Seat belt usage (or non-usage) is not permissible to prove comparative fault or failure to mitigate damages;
Payment of a traffic infraction fine by mail without entry of a guilty plea is an admission and admissible in subsequent civil action;
Family Exclusion is permissible;
Punitive damages are covered by the policy – unless explicitly excluded by the applicable insurance policy;
Punitive damages cannot be plead in the primary complaint; rather, the Plaintiff is required to make an evidentiary showing of sufficient evidence after conducting discovery. Typically, there is an evidentiary or quasi-evidentiary hearing on the strength of the evidence and the Court makes this preliminary determination. I.C. § 6-1604.
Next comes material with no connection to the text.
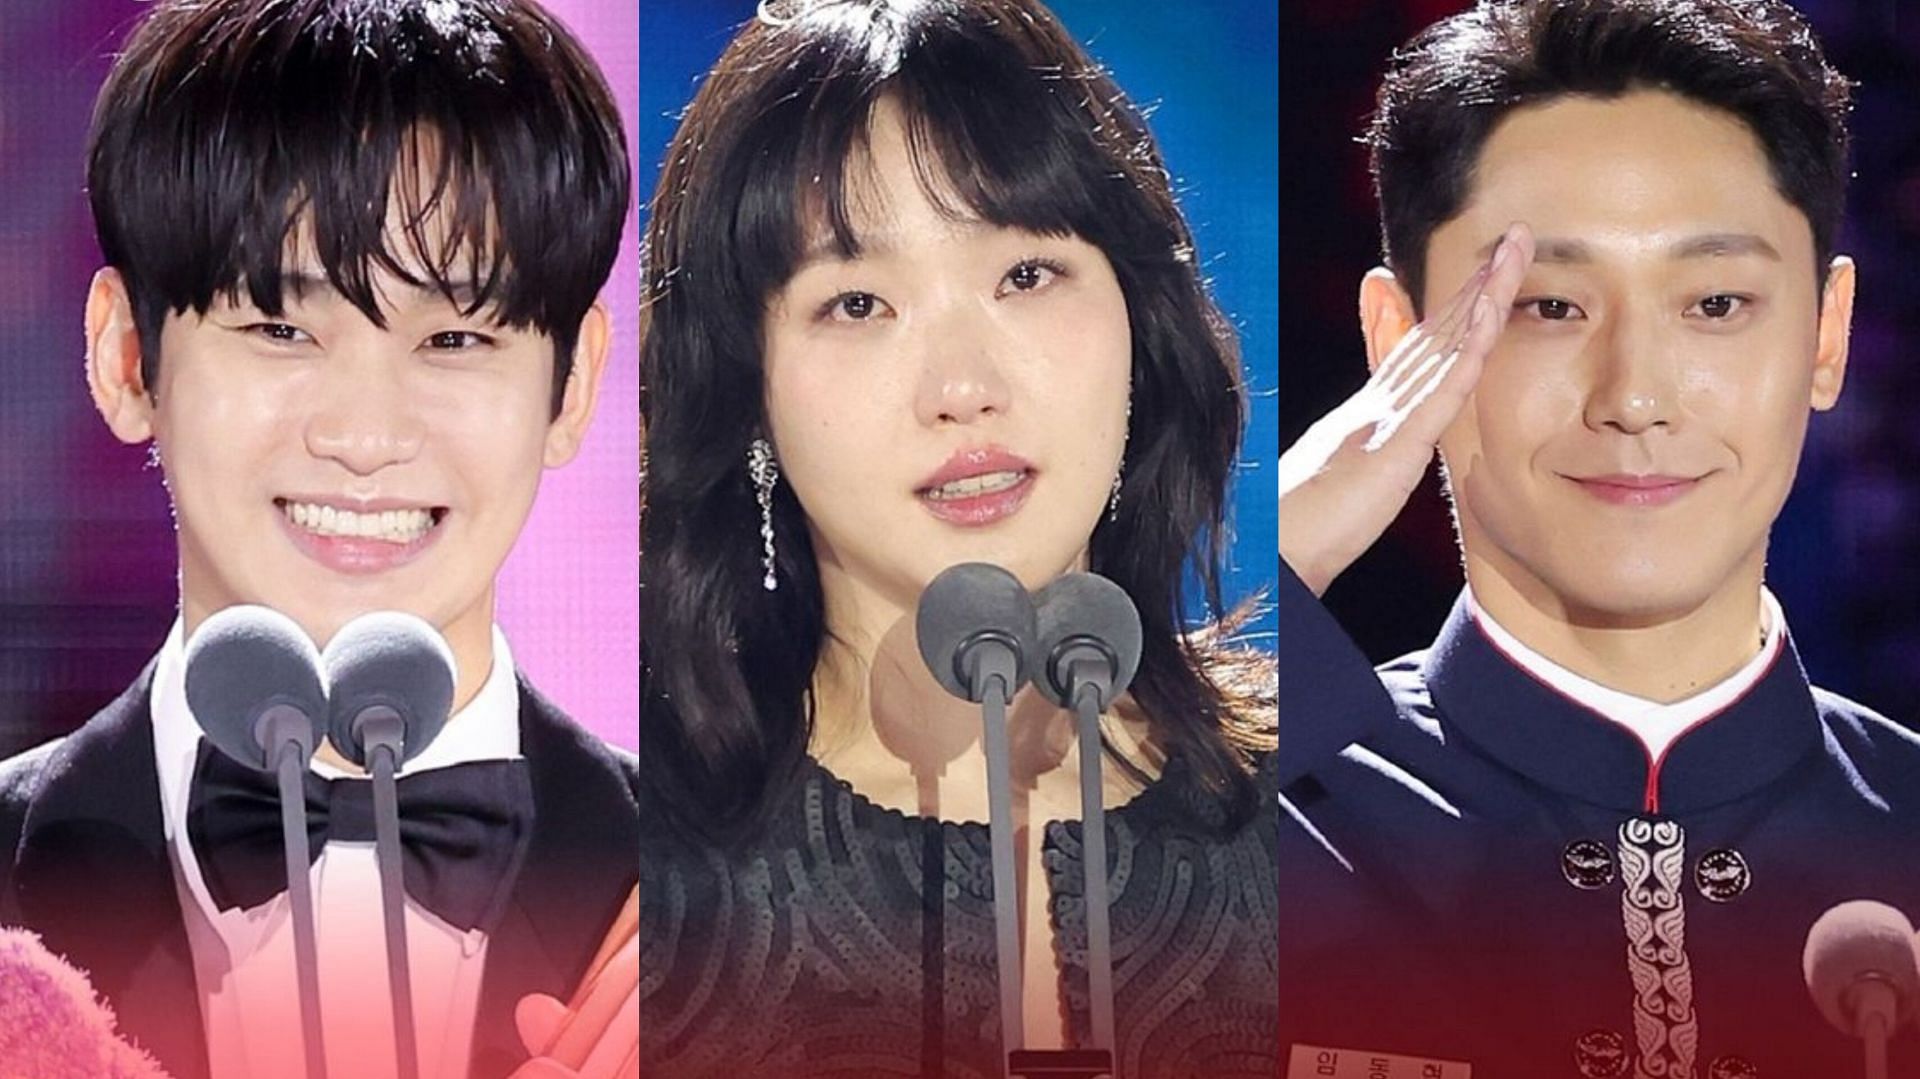 Moving, Lee Do-hyun, Kim Soo-hyun &amp; Namgoong Min win big at the 60th Baeksang Arts awards: Complete list of winners (Image via baeksang.official/Instagram)

If any portion of an insured’s claim (i.e. first party claim) is not disputed, the insurer may have the obligation to pay the undisputed amount of the claim; in fact, we will always advise to issue this payment because it is a first party claim and because it is a showing of good faith;
Prejudgment interest on damages that are liquidated or ascertainable by a mathematical process (Non-BI claims);
No prejudgment interest allowed for medical special damages for personal injuries in a motor vehicle accident; however, if Plaintiff serves a written demand for settlement, then prejudgment interest begins to accrue.